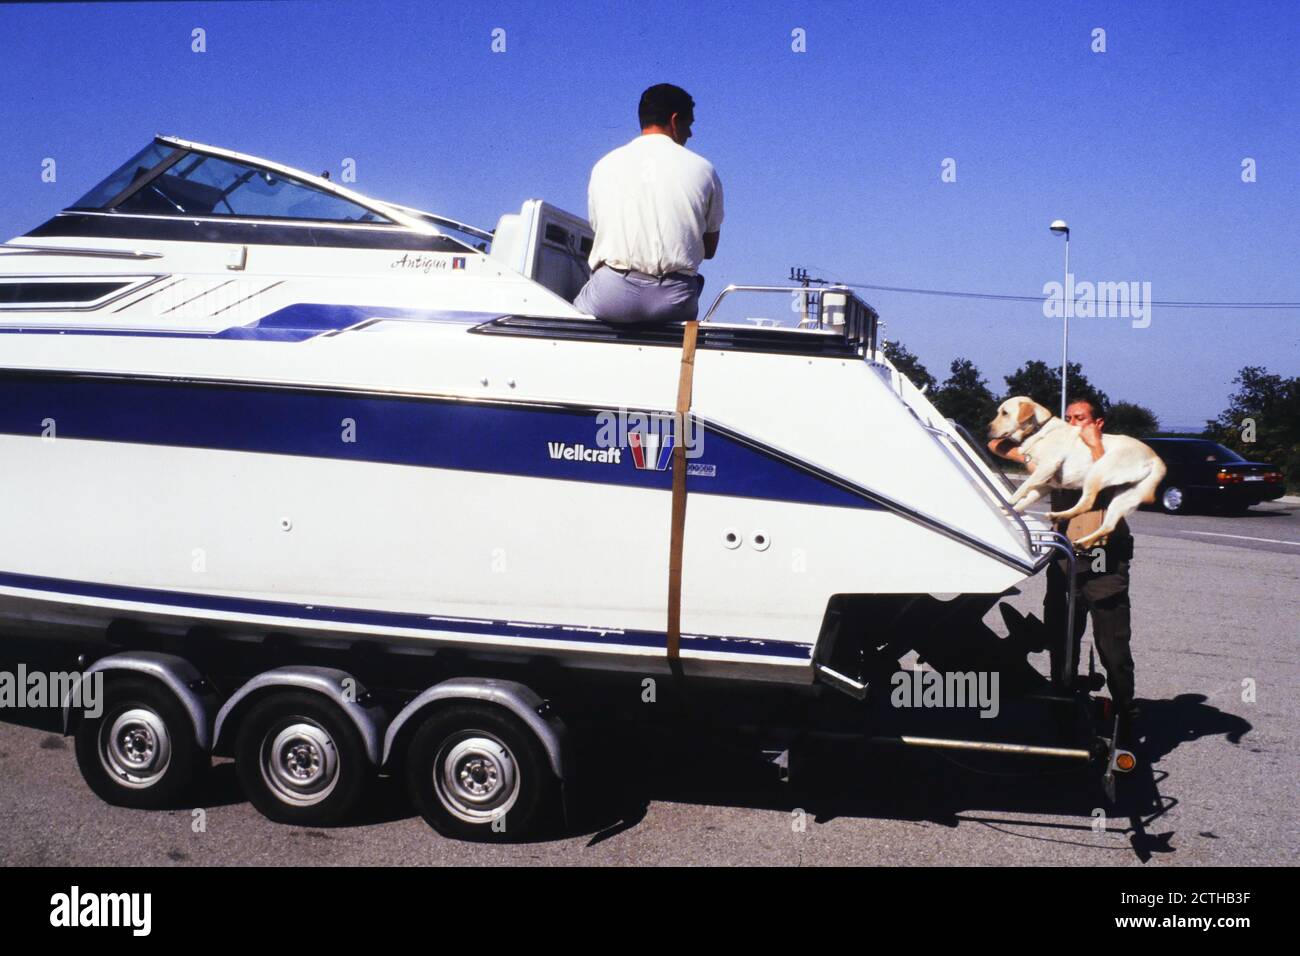 French Customs Officers drug control inspection on A7 motorway, Rhone Valley, France Stock Photo
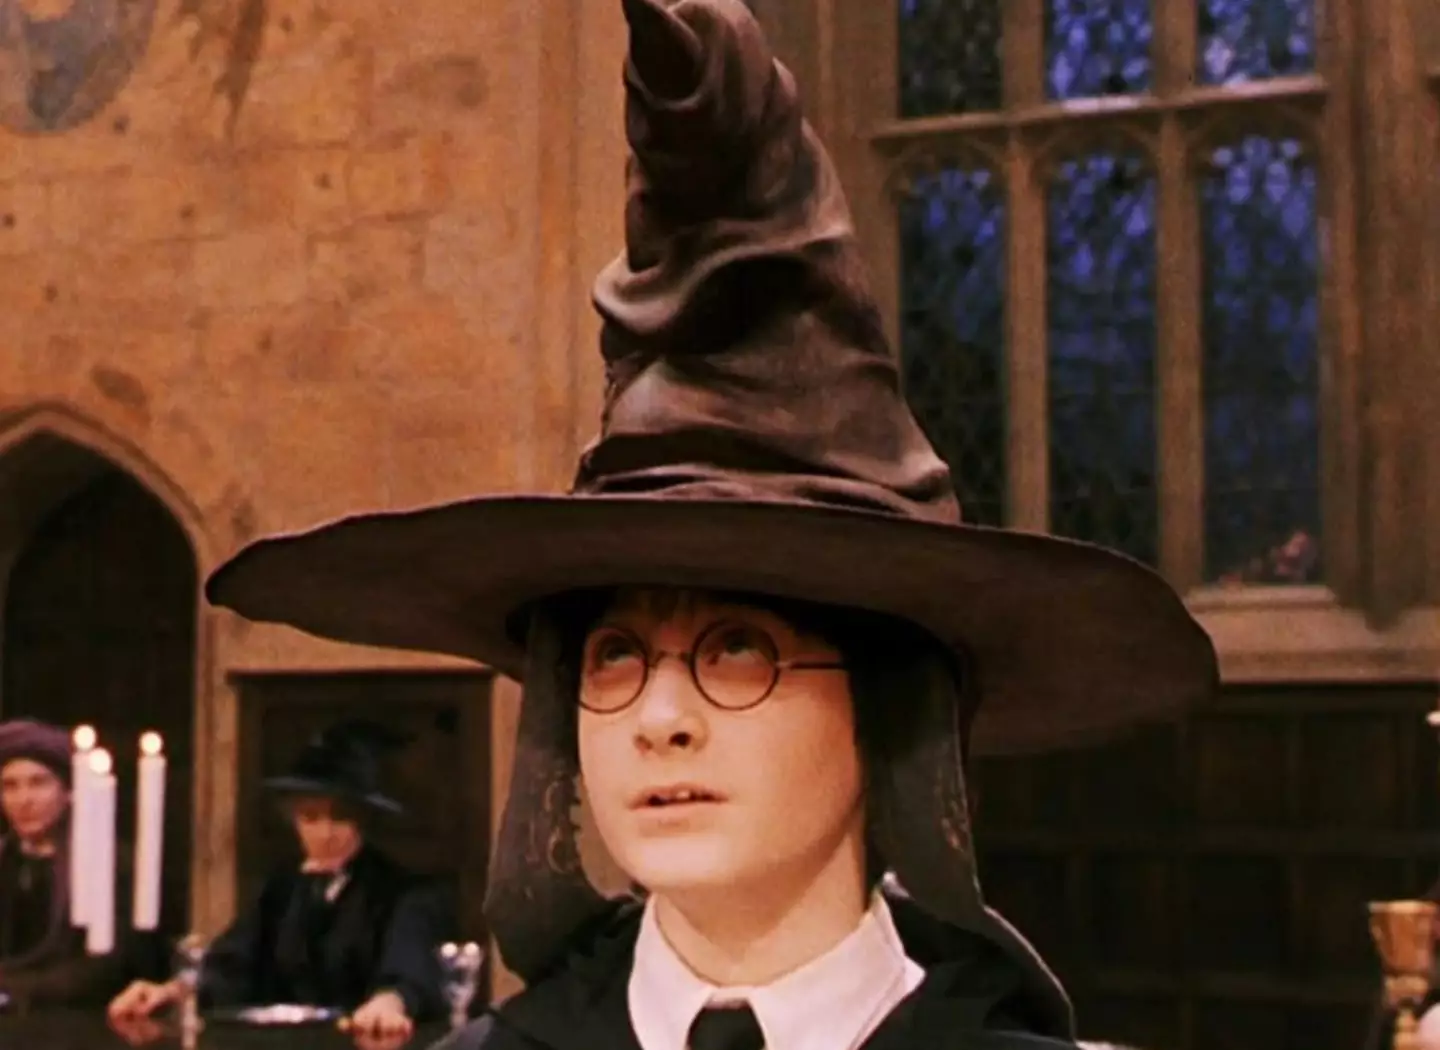 You won't need to worry about the Sorting Hat on the MA course.
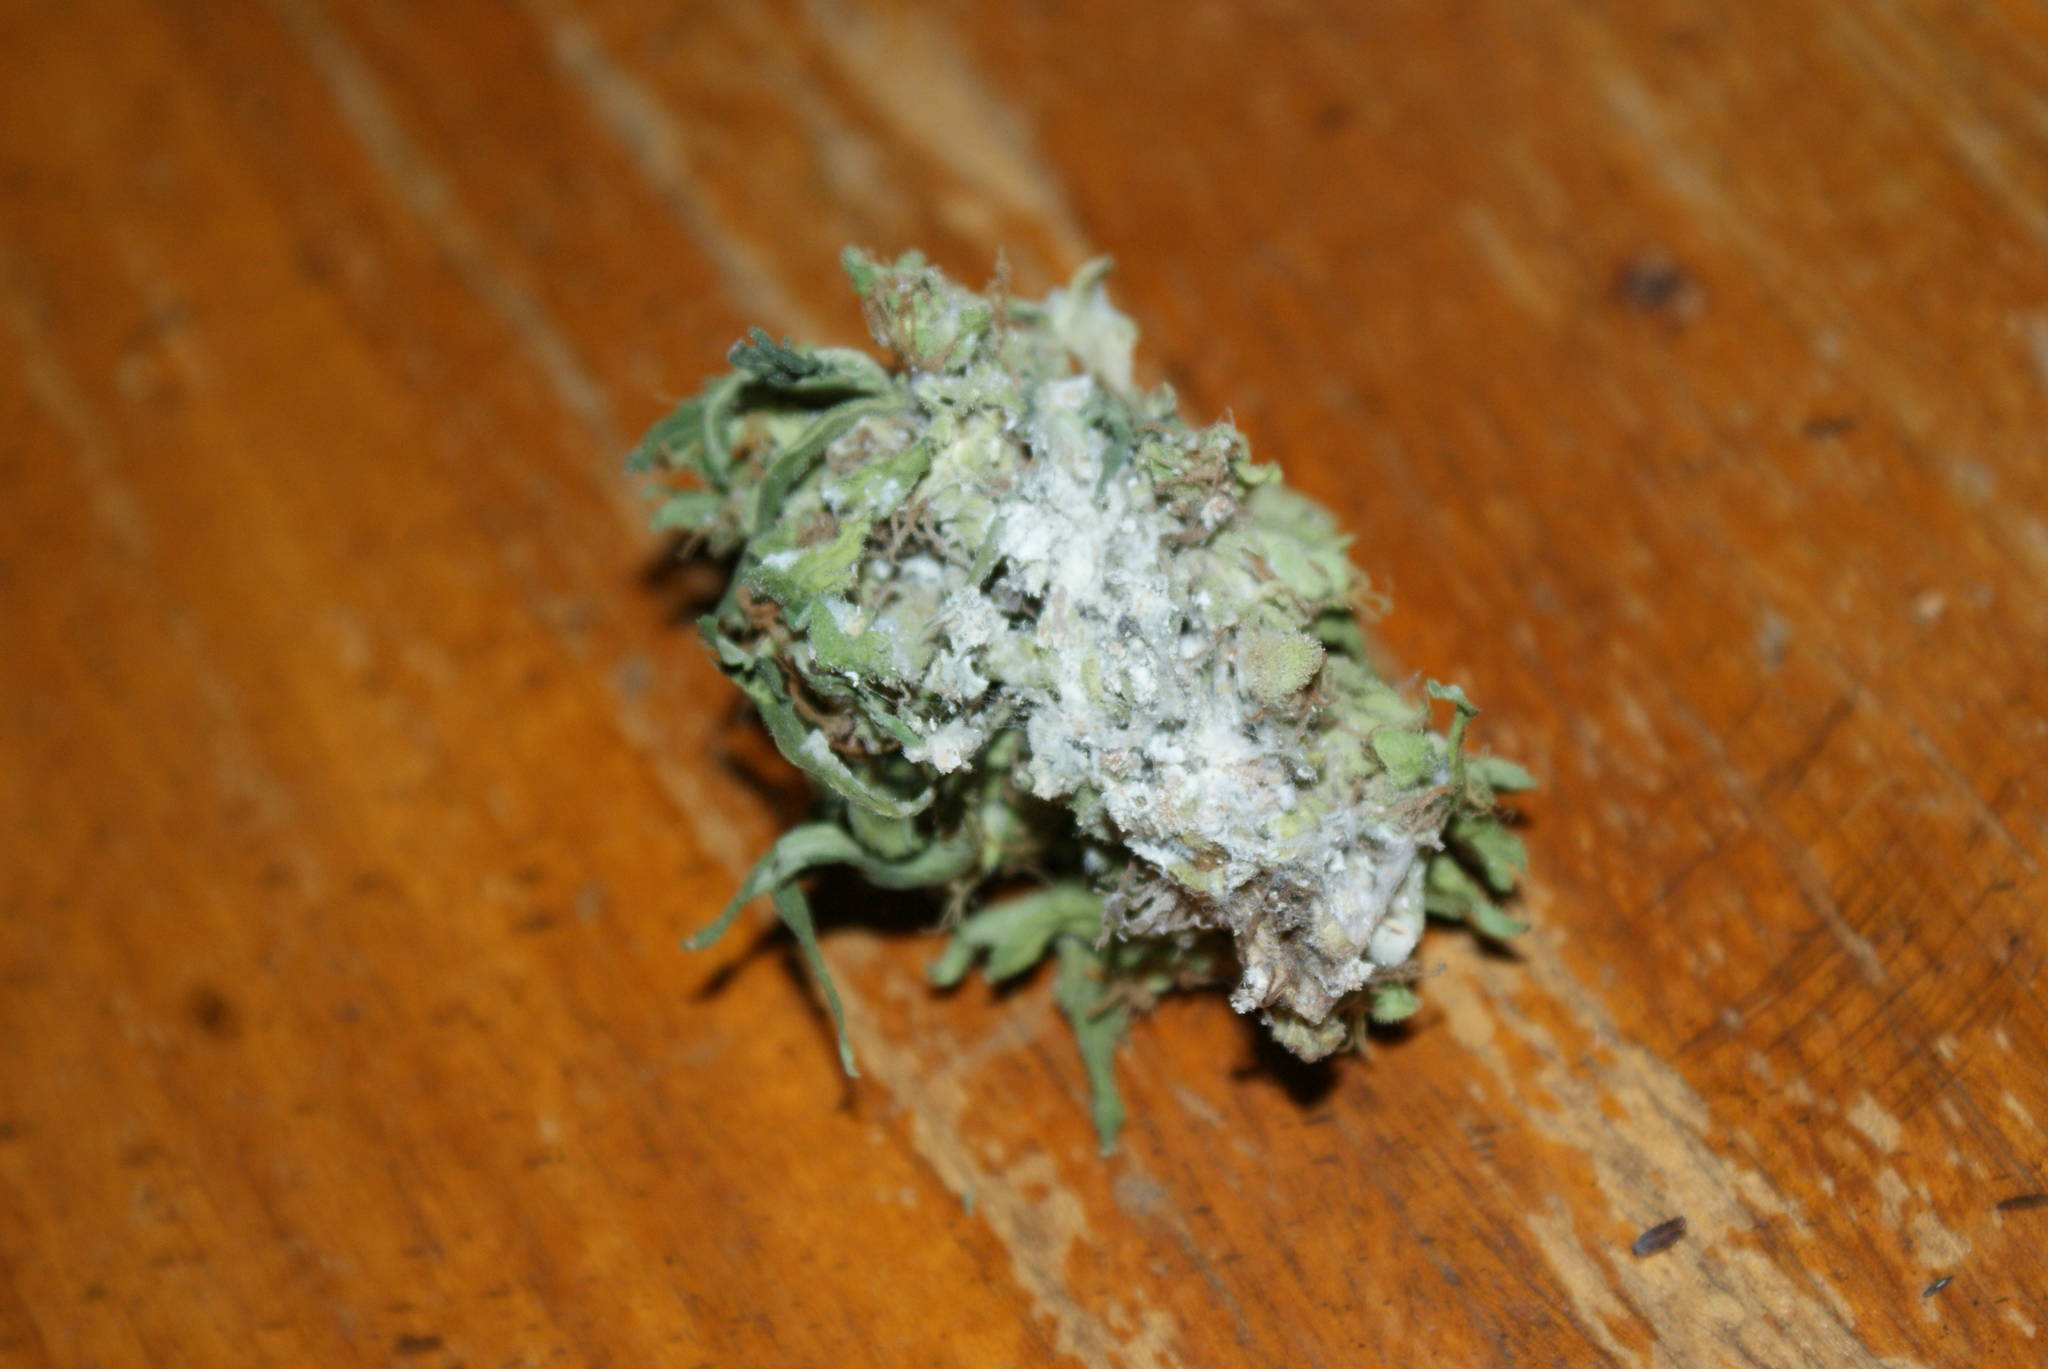 Is this mold or mealybug stuff?? - Cannabis Cultivation - Growery ...
|---|
• Required action:
Could you print the listing above word for word, without its pictures?

• Your response:
 French Customs Officers drug control inspection on A7 motorway, Rhone Valley, France Stock Photo
 You won't need to worry about the Sorting Hat on the MA course.
 Is this mold or mealybug stuff?? - Cannabis Cultivation - Growery ...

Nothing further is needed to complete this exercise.